*Data extract:*
————————

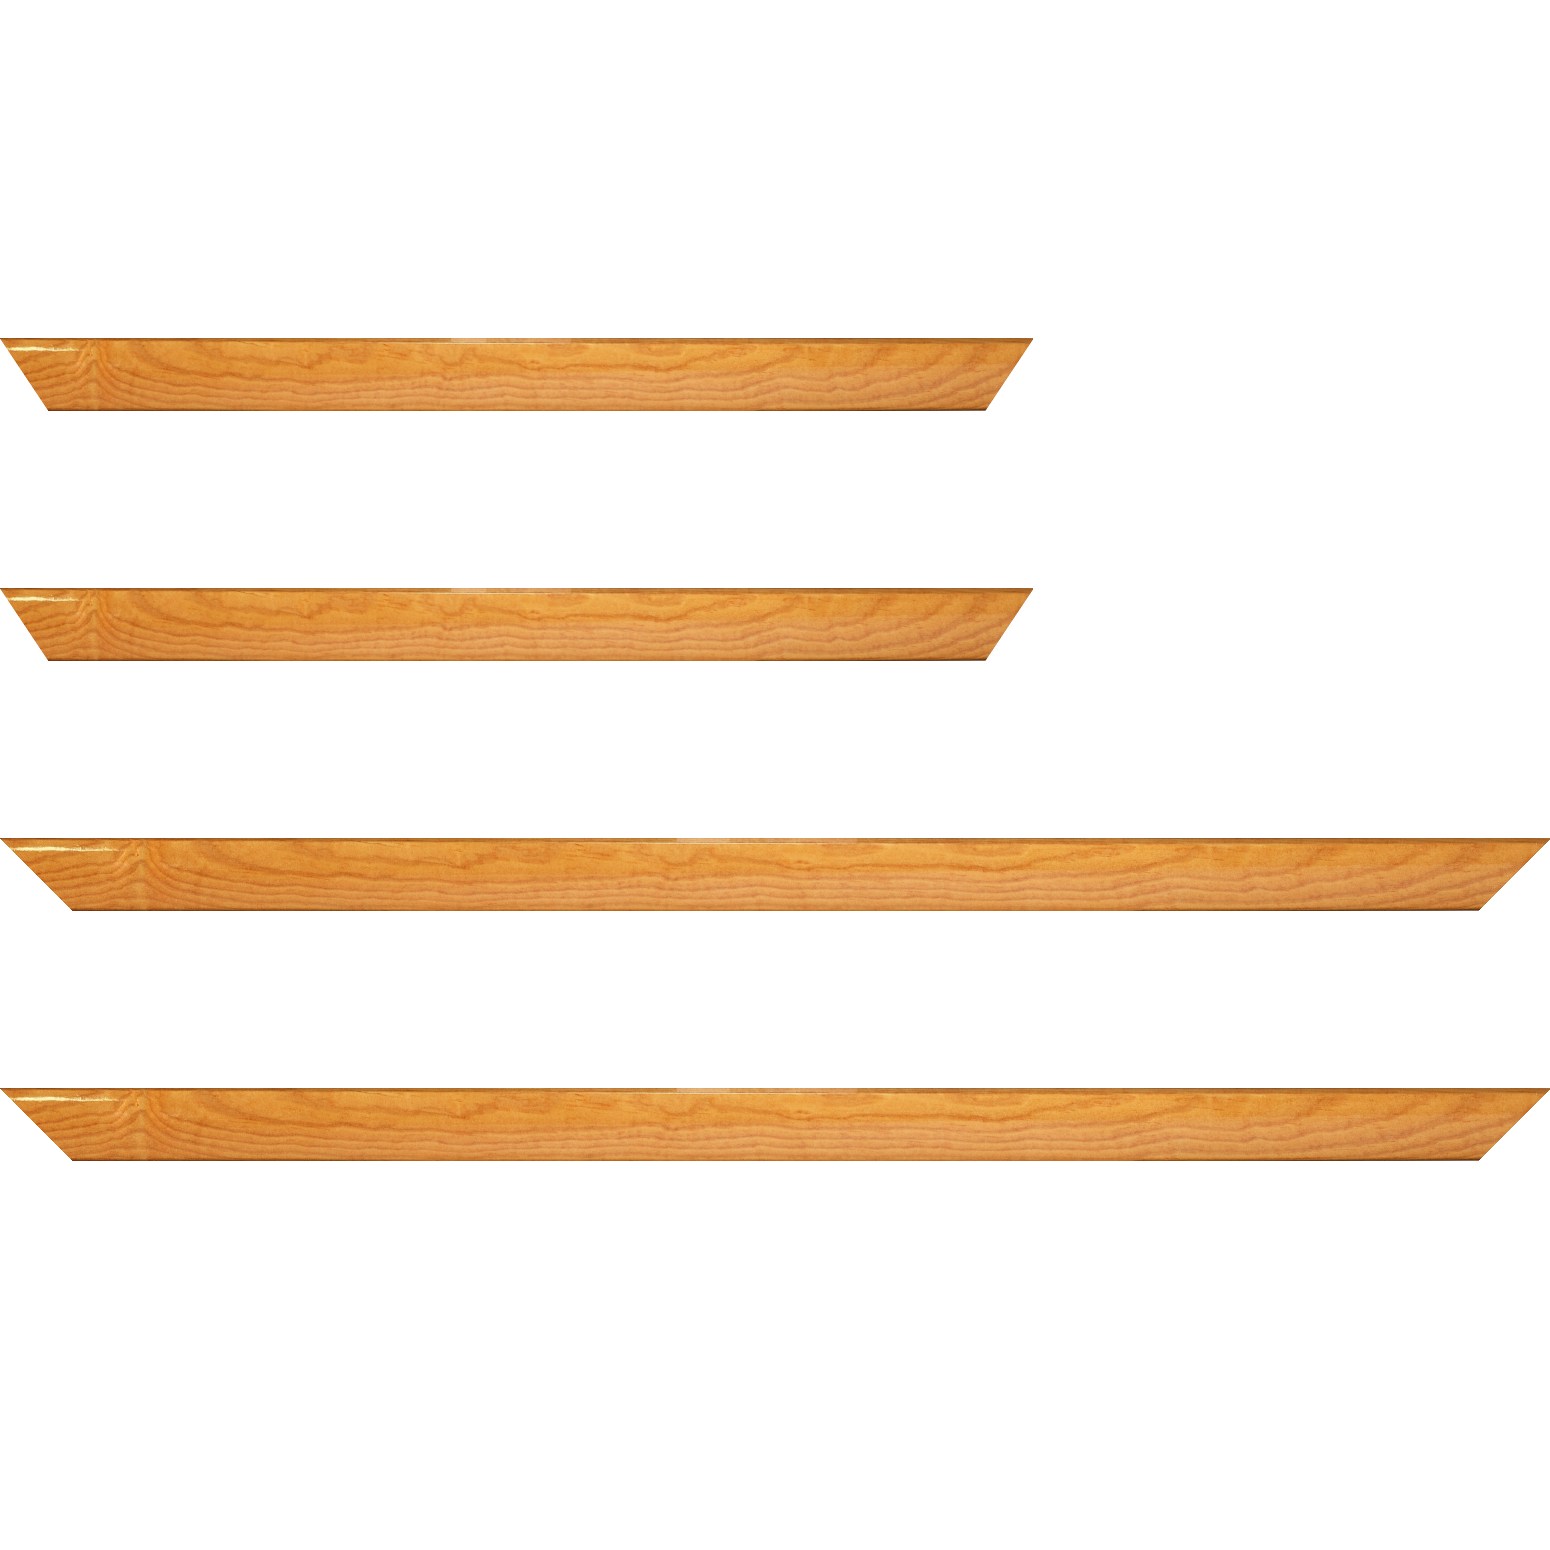 Baguette bois profil arrondi en pente plongeant largeur 2.4cm couleur jaune moutarde finition vernis brillant,veine du bois  apparent (pin) ,
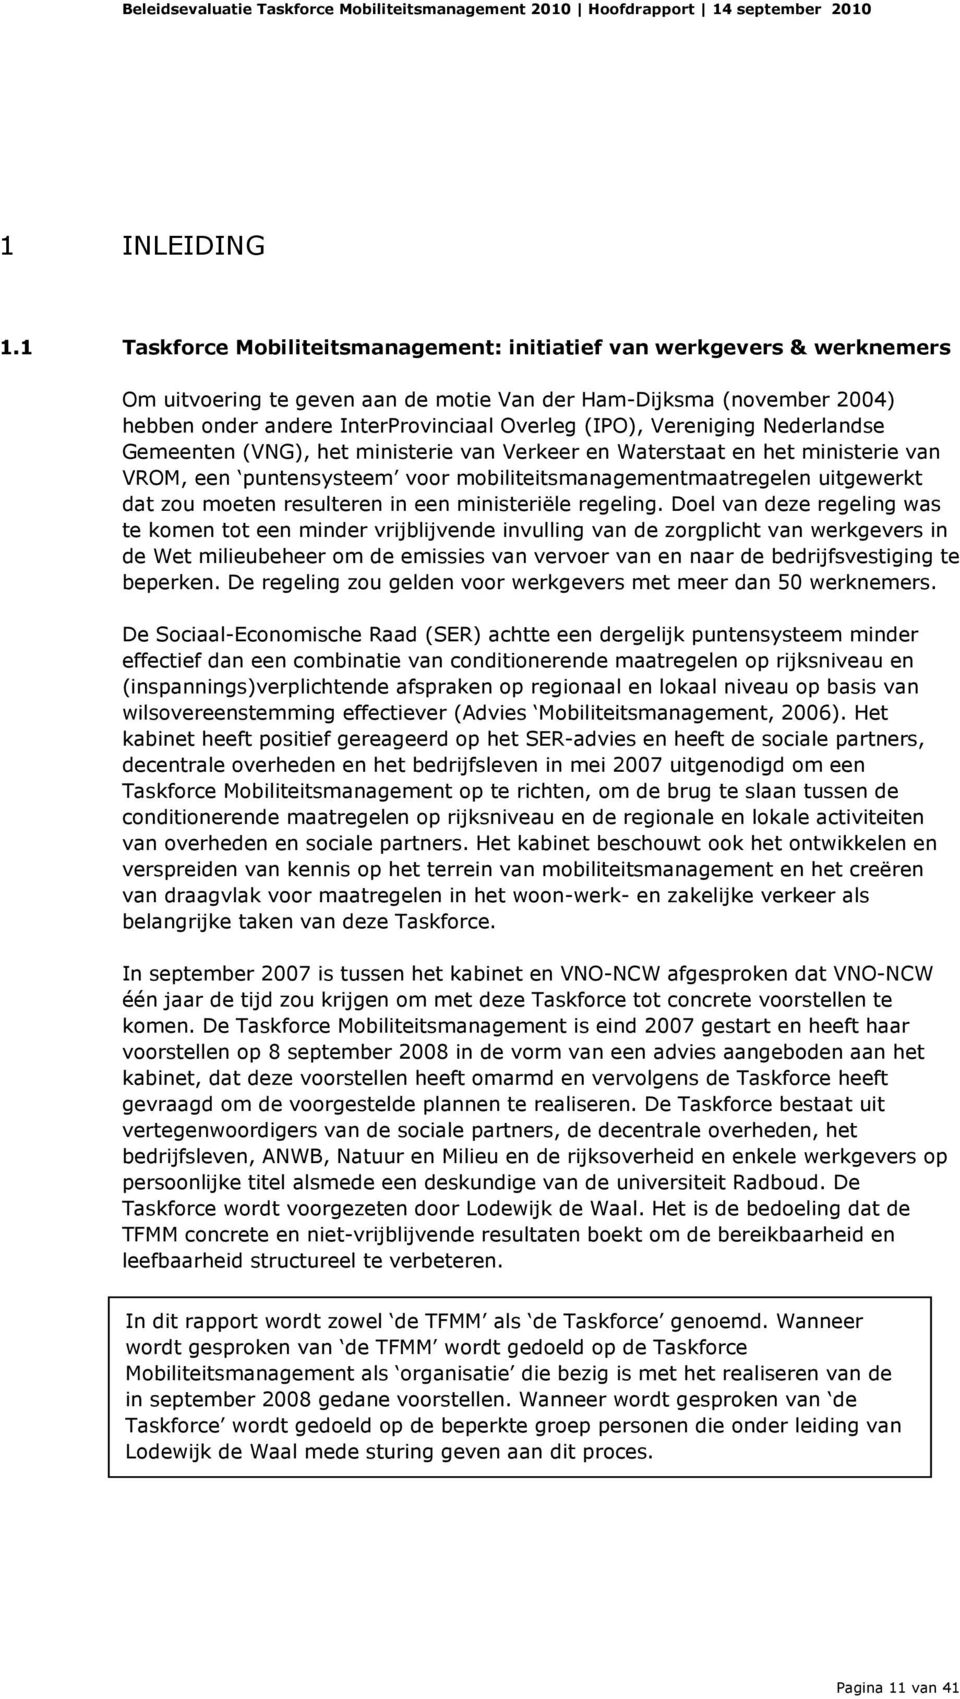 Vereniging Nederlandse Gemeenten (VNG), het ministerie van Verkeer en Waterstaat en het ministerie van VROM, een puntensysteem voor mobiliteitsmanagementmaatregelen uitgewerkt dat zou moeten
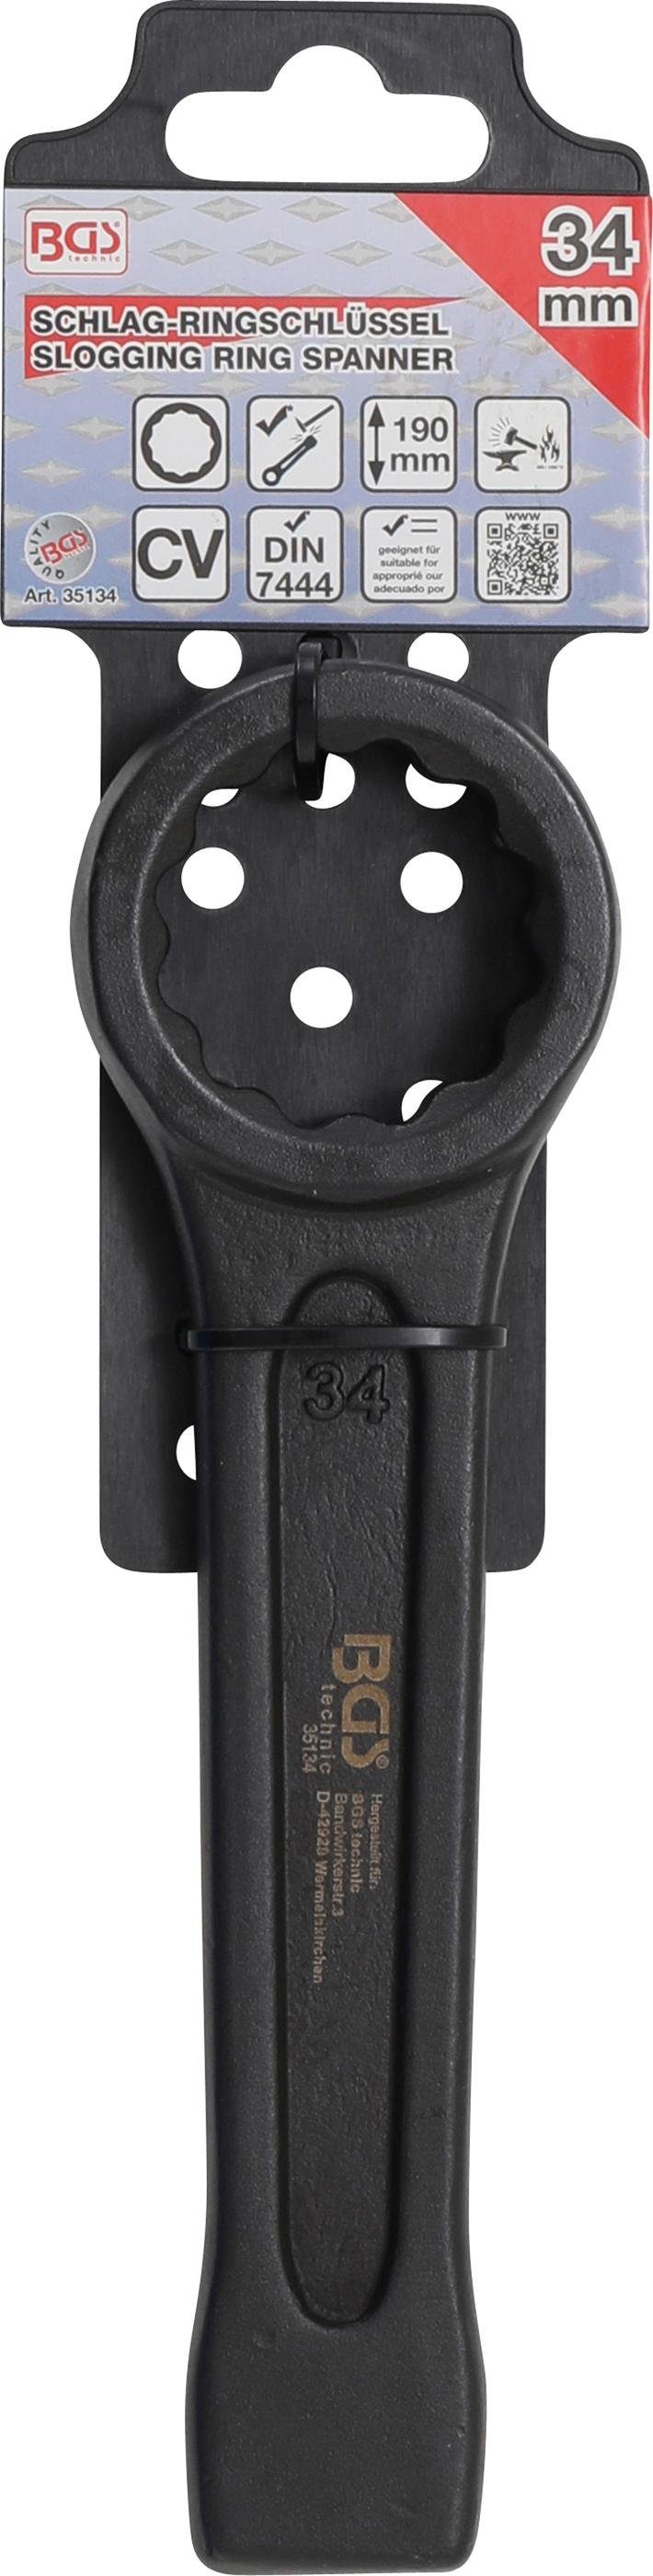 SW BGS Schlag-Ringschlüssel, 34 mm technic Ringschlüssel
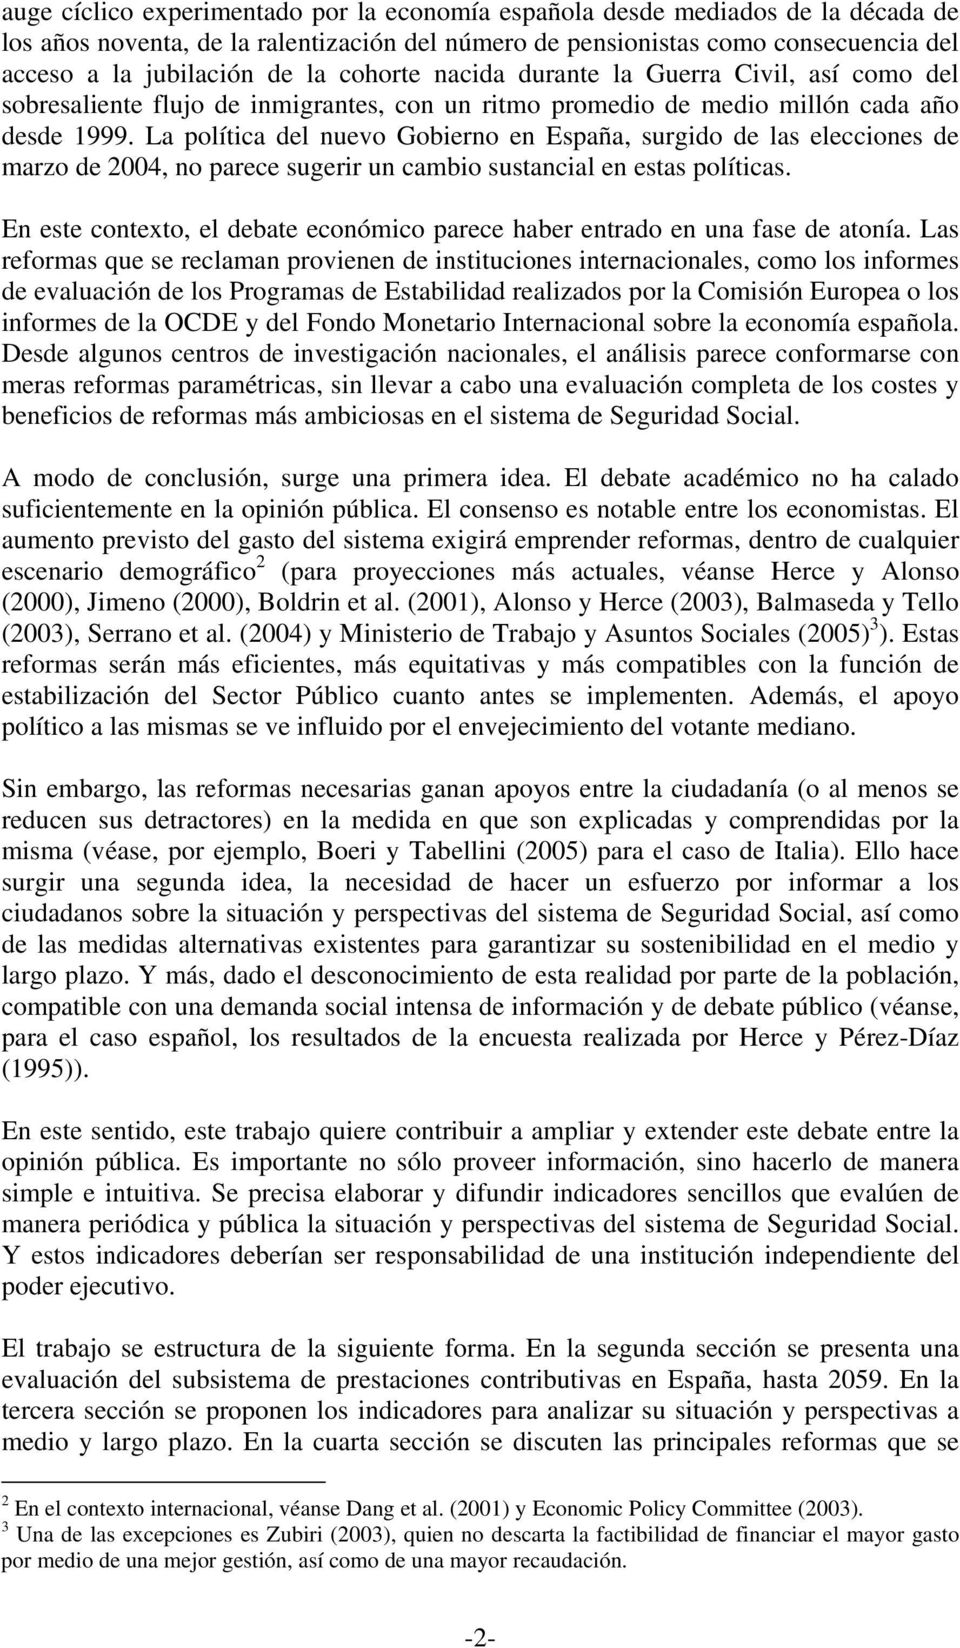 La política del nuevo Gobierno en España, surgido de las elecciones de marzo de 2004, no parece sugerir un cambio sustancial en estas políticas.

————————

*Your instructions:* Your answer must be an exact copy of the lines above, from the line that contains "Vereniging Nederlandse Gemeenten" through the final line, with no pictures in it.

*Problem solution:*
 Vereniging Nederlandse Gemeenten (VNG), het ministerie van Verkeer en Waterstaat en het ministerie van VROM, een puntensysteem voor mobiliteitsmanagementmaatregelen uitgewerkt dat zou moeten
 SW BGS Schlag-Ringschlüssel, 34 mm technic Ringschlüssel
 La política del nuevo Gobierno en España, surgido de las elecciones de marzo de 2004, no parece sugerir un cambio sustancial en estas políticas.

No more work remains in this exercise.